“Parasites” in Darling in the Franxx (and robot name flower meanings)

Darling in the Franxx is not a subtle series. Child pilots take on the roles of either a pistil (female pilot) or stamen (male pilot) named after the reproductive parts of a flower. They are paired off and each assigned a FRANXX robot, named after various flowers. Their home is called Mistilteinn, which means “mistletoe.” They are called parasites.

Mistletoe is a hemiparasitic plant that draws nutrients from its host. It is an angiosperm (flowering plant with seeds enclosed in an ovary, as compared with a gymnosperm which has seeds not enclosed in an ovary like a pinecone) that produces berries for means of reproduction. In western tradition, mistletoe is hung during the Christmas holiday and couples that pass underneath it together are expected to kiss. Mistletoes are said to represent romance, fertility, and reproduction.

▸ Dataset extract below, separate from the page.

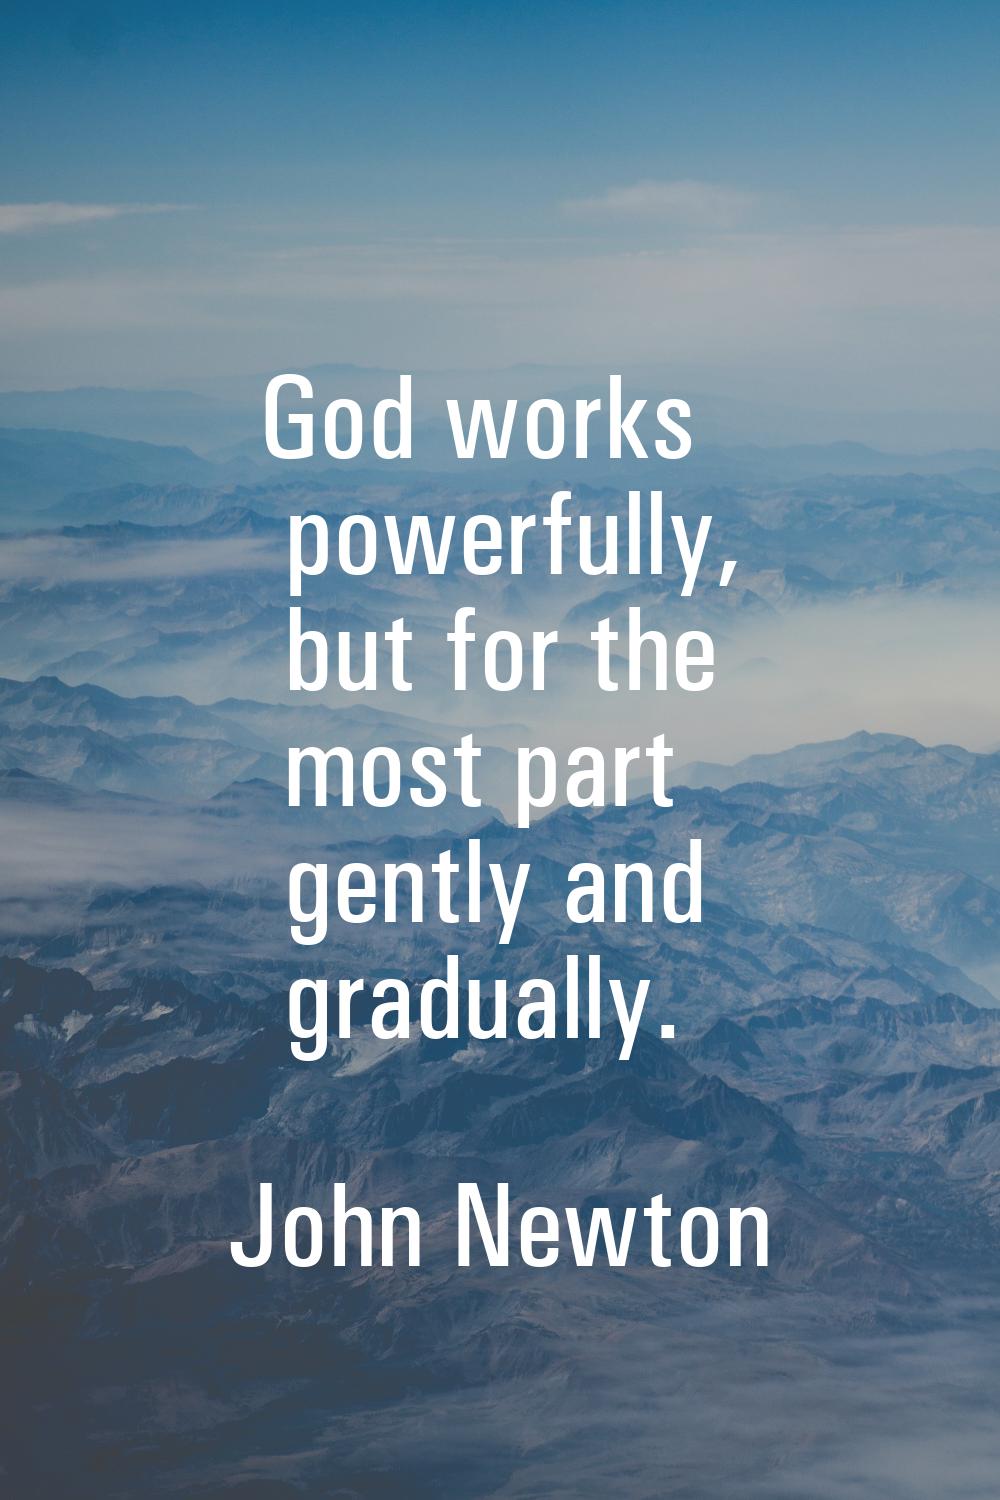 God works powerfully, but for the most part gently and gradually.

Again, Darling in the Franxx is not subtle. Heteronormativity is forced — and the series hints that Hiro’s timid personality wasn’t masculine enough for the stamen role — with children put into pairs of the opposite sex in order to pilot robots together. There are too many floral references for this to be a series of coincidences, but it’s up to the series itself to say something about them, otherwise they’ll remain interesting but fairly meaningless trappings.

Hiro and Zero-two pilot the Strelitzia, which is named after the bird of paradise flower. A native plant of South Africa, the bird of paradise flower’s name unsurprisingly comes from the bird of paradise itself since it is brightly-colored like its namesake. It carries a meaning of joyfulness and paradise. This is in contrast to Hiro’s internal monologue of of the jian bird, which he says shares its wings — a direct reference to the fact that he failed out of his piloting program. However, when he pairs with Zero-two, the two seem to be complementary partners. Her hot-blooded nature makes up for his lack of it, and his more demure attitude makes up for her harshness. In other words, Zero-two’s non-conforming pistil — she is called an “ugly sight” and a monster by one of their overseers for devouring her partner — is perfect for Hiro’s untraditional stamen.

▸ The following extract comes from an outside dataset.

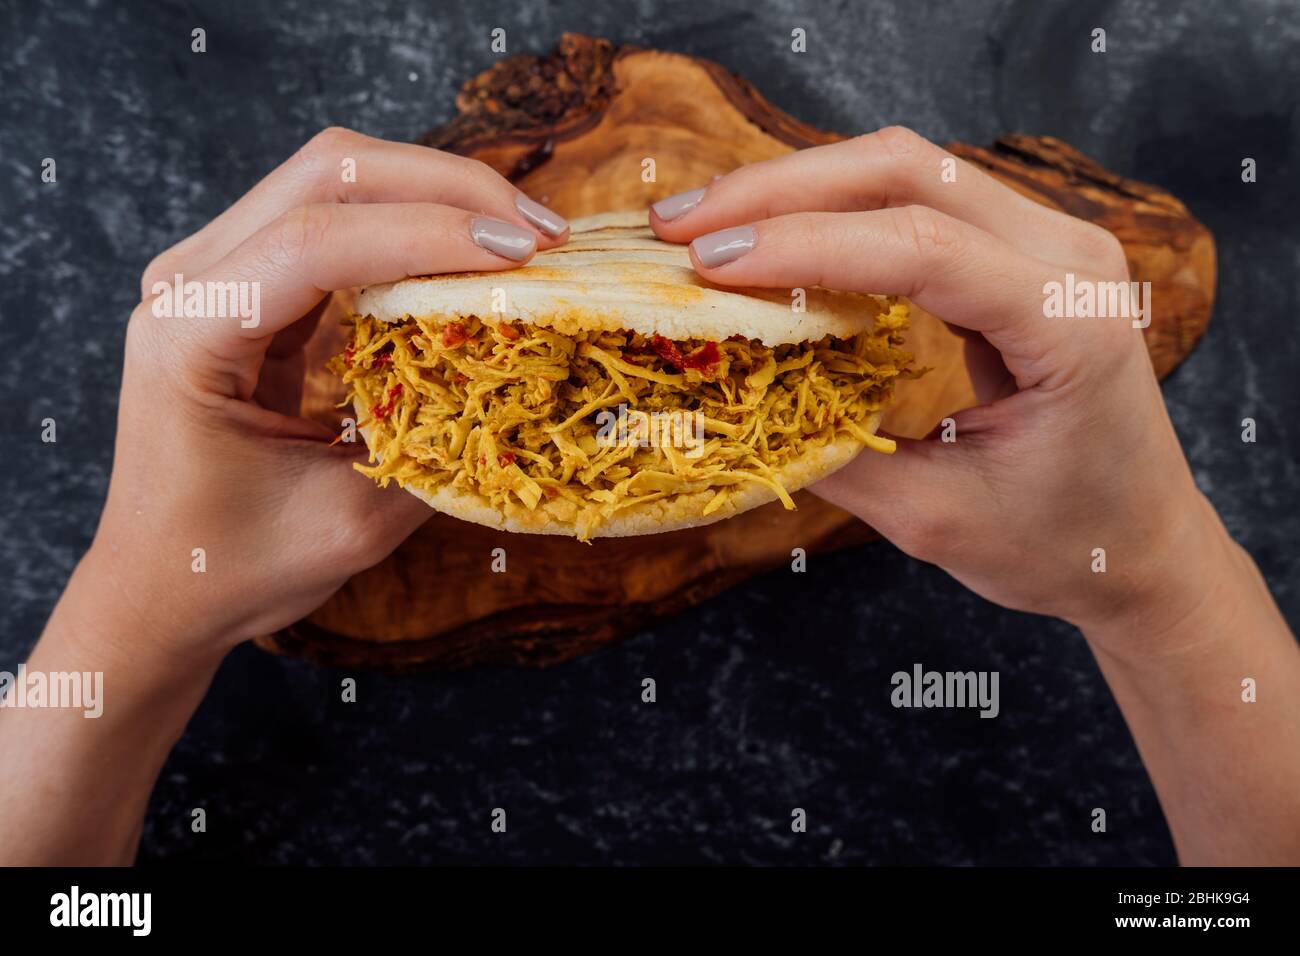 Woman holding a chicken arepa typical of Latin American cuisine. Stock Photo

All other robots in Darling in the Franxx are named after flowers as well. Delphinium, or larkspur, has a meaning of protection and also ambition of reaching one’s goals. Argentea refers to celosia or plumed coxcomb, meaning affection or silliness. Genista, which calls to mind a “broom” shrub or lupine can hint at creativity and imagination. Lastly, Chlorophytum is a common spider plant, which also carries a meaning of protection.



  1. I was snorting at the stamen/pistil stuff (I mean, come on lol), but the flower names for the actual robots is a touch I like more. I know a lot of flowers have multiple meanings, so it would be cool if those different characteristics are manifested in the robots themselves or in their pilots.

  2. Interesting. I’ve been seeing a lot of reactions to this first episode but this was a different take. I need to just go watch the episode I think.

    1. My actual reaction to the episode was pretty subdued. It was interesting enough because of these trappings, but the story itself was very standard. Hopefully they do something interesting with these hints through flower names/etc.

    1. Yeah it’s kind of weird how this has turned out. Usually I have maybe one flower post a month, but a lot of the recent shows this season have been churning out flower imagery, hehe. It’s been fun!

  3. it may be too late to poke in given that it’s already march and ep 9 just aired, but where did you get the meanings from listed here?

    i didn’t find most of the meanings you have here on hananokotoba.com or chills-lab.com/flower/ entries, for any of the ones as you had here — so i’m curious where the source of these were!